Spark Standalone HA (high availability) mode
1. HA architecture description
2. Host planning
master node | slave node |
---|---|
hadoop002,hadoop005 | hadoop003,hadoop004 |
Zookeeper |
---|
hadoop002 ,hadoop003,hadoop004 |
3. Installation of Zookeeper
- Please refer to the cluster installation of Zookeeper
4. Spark installation
-
For installation and deployment, please refer to Spark Standalone cluster installation and test cases
. Note:这里是4台虚拟机
-
To configure Spark high availability, you only need to modify spark-env.sh. The specific content that needs to be modified is as shown in the following table:
Edit spark-env.sh on hadoop002 and replace the content with the following content:export JAVA_HOME=/training/jdk1.8.0_171 export SPARK_DAEMON_JAVA_OPTS="-Dspark.deploy.recoveryMode=ZOOKEEPER -Dspark.deploy.zookeeper.url=hadoop002,hadoop003,hadoop004 -Dspark.deploy.zookeeper.dir=/spark" #history 配置历史服务 export SPARK_HISTORY_OPTS="-Dspark.history.ui.port=18080 -Dspark.history.retainedApplications=30 -Dspark.history.fs.logDirectory=/training/spark-2.4.8-bin-hadoop2.7/history"
Note :
需要将spark-env.sh分发到其他节点中,即分发到hadoop003,hadoop004和hadoop005
5. Run the test
- Start the spark cluster on Hadoop002, enter the spark installation directory, and execute:
sbin/start-all.sh
- Start Master on Hadoop005, enter the spark installation directory, and execute:
sbin/start-master.sh
- View the web interface provided by spark on hadoop002 in the browser, enter:
hadoop002:8080
, as shown below:
- View the web interface provided by spark on hadoop005 in the browser, enter:
hadoop005:8080
, as shown below:
- High availability test
1) Kill the master on hadoop002: kill + process ID or use the stop-master.sh command to shut down
2) Enter on the browser:hadoop005:8080
, change it clearly and refresh the page. Wait for a while and you will see As shown in the figure below:
At this point, the spark master has completed the switch and achieved high availability.

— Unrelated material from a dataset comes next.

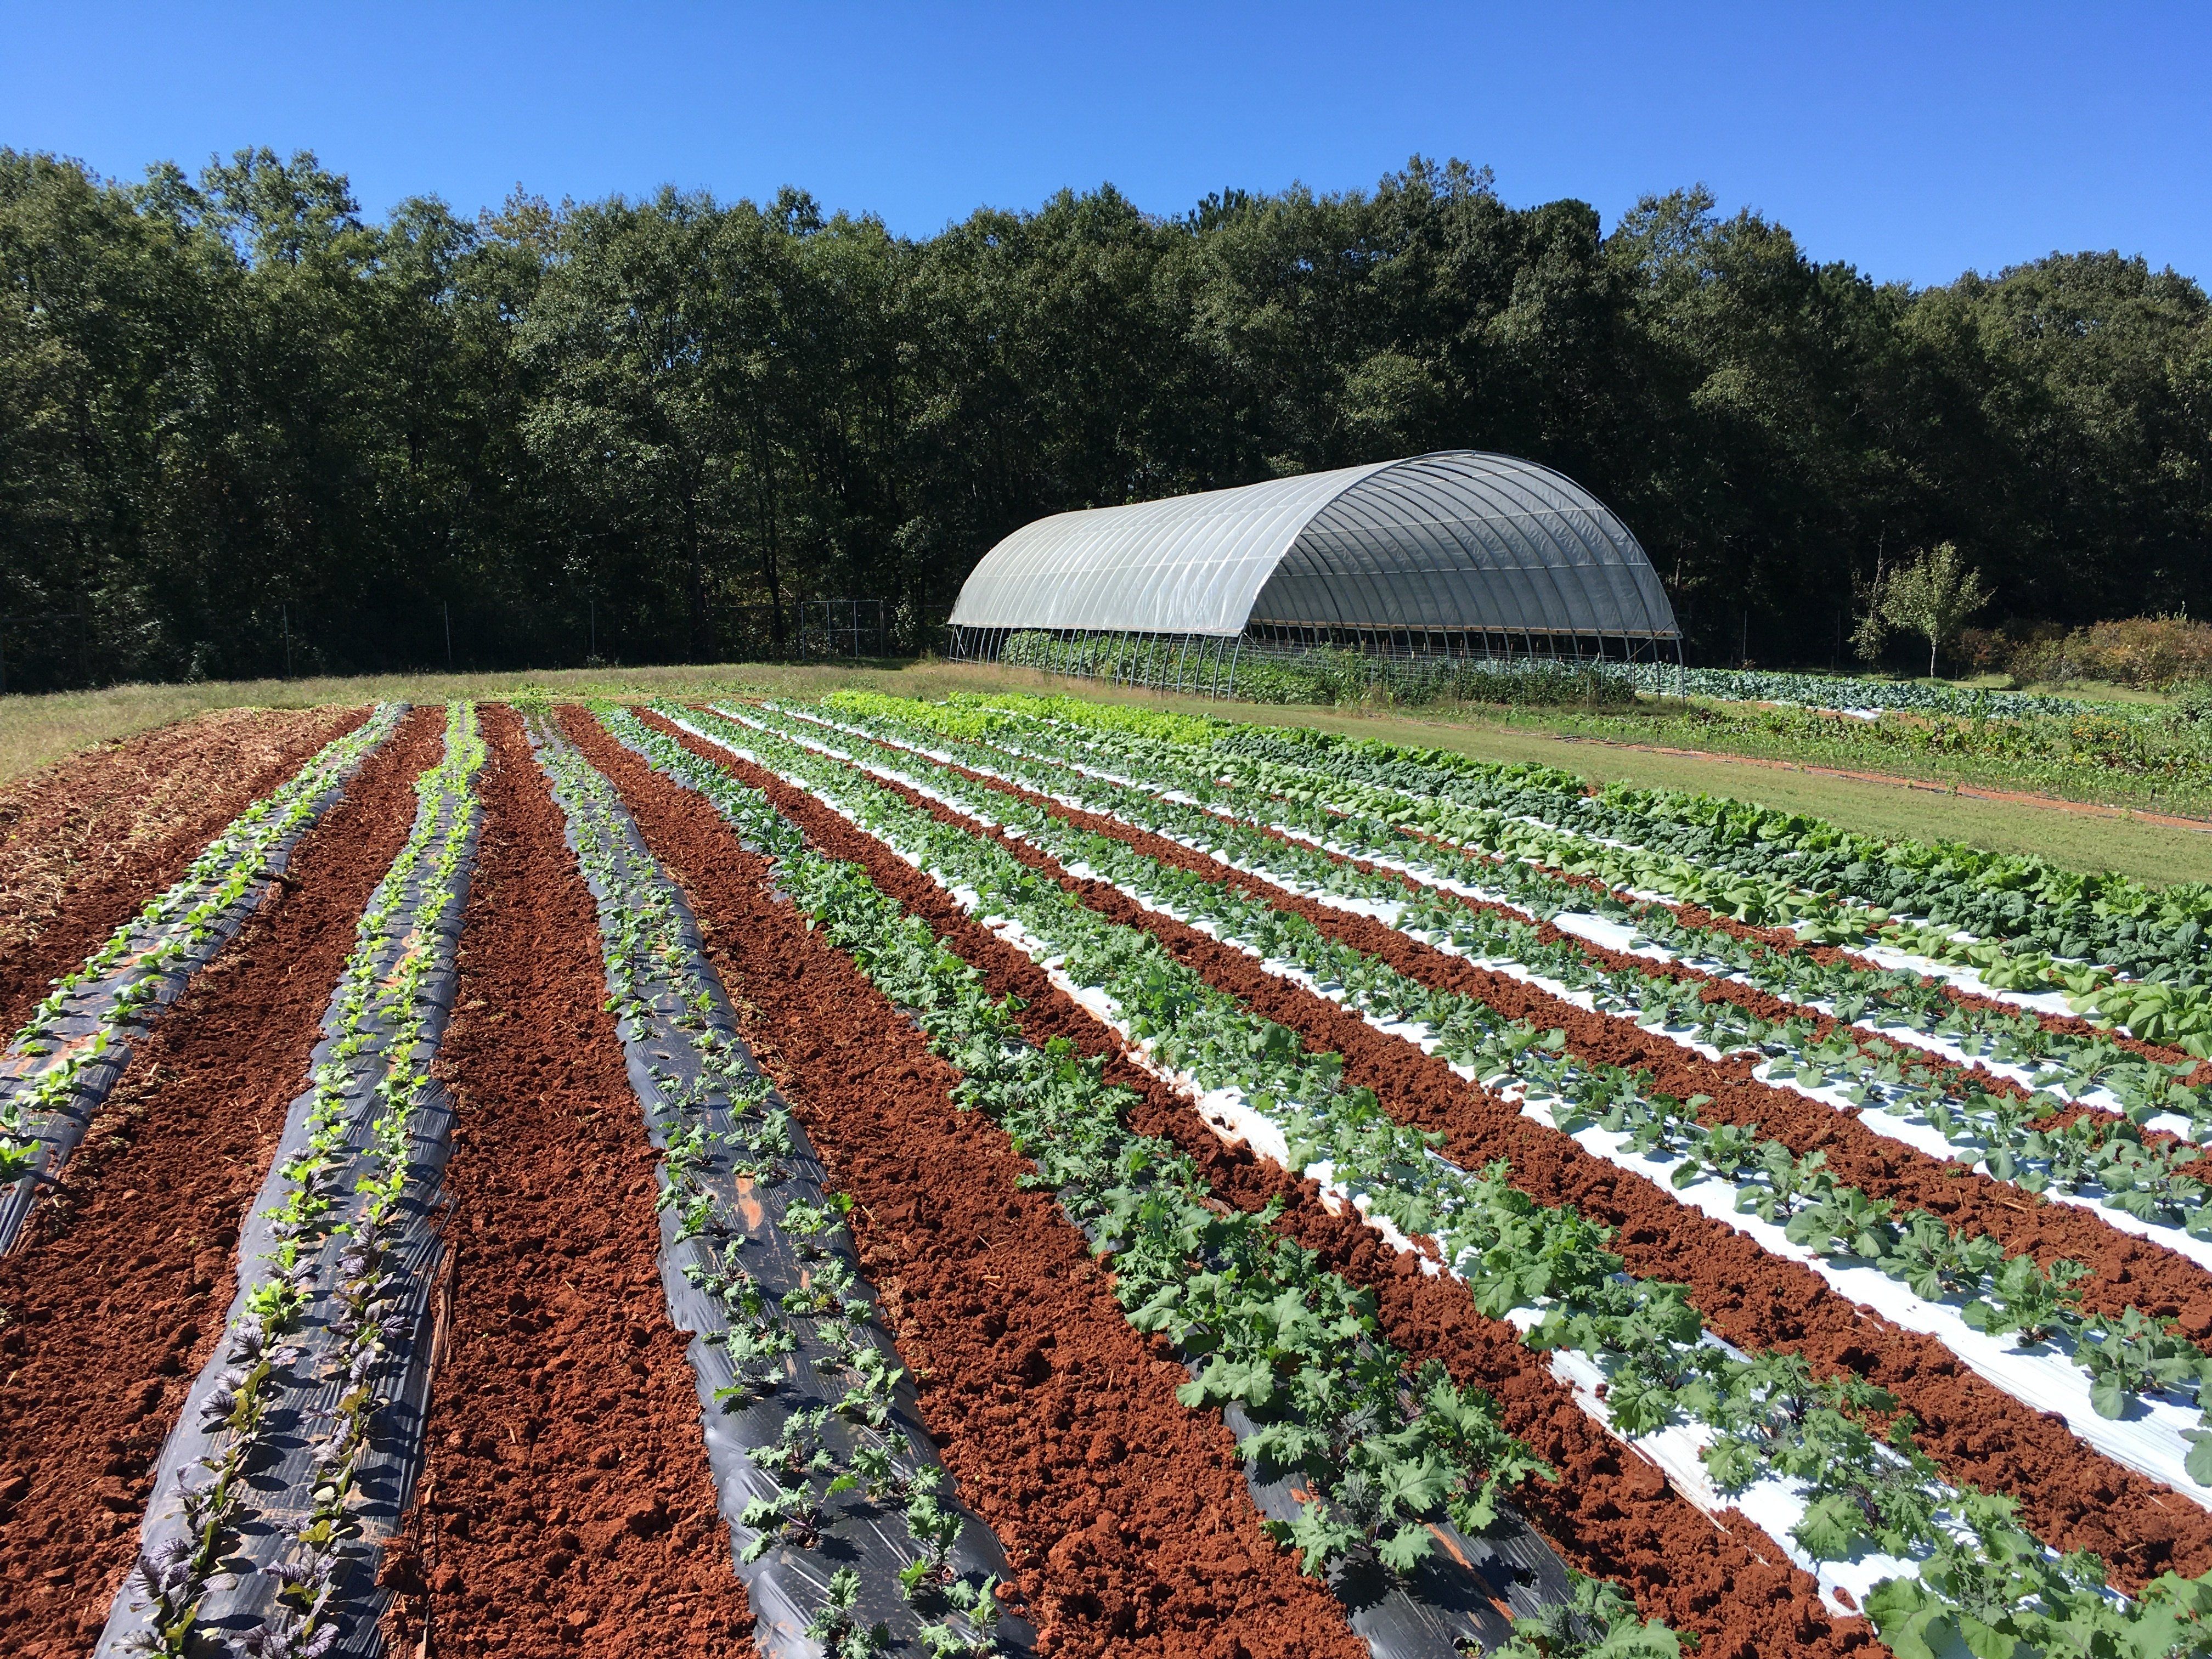 Previous Happening: Farm Happenings for October 2, 2020

Spark Standalone HA (high availability) mode
1. HA architecture description
2. Host planning
master node | slave node |
---|---|
hadoop002,hadoop005 | hadoop003,hadoop004 |
Zookeeper |
---|
hadoop002 ,hadoop003,hadoop004 |
3. Installation of Zookeeper
- Please refer to the cluster installation of Zookeeper
4. Spark installation
-
For installation and deployment, please refer to Spark Standalone cluster installation and test cases
. Note:这里是4台虚拟机
-
To configure Spark high availability, you only need to modify spark-env.sh. The specific content that needs to be modified is as shown in the following table:
Edit spark-env.sh on hadoop002 and replace the content with the following content:export JAVA_HOME=/training/jdk1.8.0_171 export SPARK_DAEMON_JAVA_OPTS="-Dspark.deploy.recoveryMode=ZOOKEEPER -Dspark.deploy.zookeeper.url=hadoop002,hadoop003,hadoop004 -Dspark.deploy.zookeeper.dir=/spark" #history 配置历史服务 export SPARK_HISTORY_OPTS="-Dspark.history.ui.port=18080 -Dspark.history.retainedApplications=30 -Dspark.history.fs.logDirectory=/training/spark-2.4.8-bin-hadoop2.7/history"
Note :
需要将spark-env.sh分发到其他节点中,即分发到hadoop003,hadoop004和hadoop005
5. Run the test
- Start the spark cluster on Hadoop002, enter the spark installation directory, and execute:
sbin/start-all.sh
- Start Master on Hadoop005, enter the spark installation directory, and execute:
sbin/start-master.sh
- View the web interface provided by spark on hadoop002 in the browser, enter:
hadoop002:8080
, as shown below:
- View the web interface provided by spark on hadoop005 in the browser, enter:
hadoop005:8080
, as shown below:
- High availability test
1) Kill the master on hadoop002: kill + process ID or use the stop-master.sh command to shut down
2) Enter on the browser:hadoop005:8080
, change it clearly and refresh the page. Wait for a while and you will see As shown in the figure below:
At this point, the spark master has completed the switch and achieved high availability.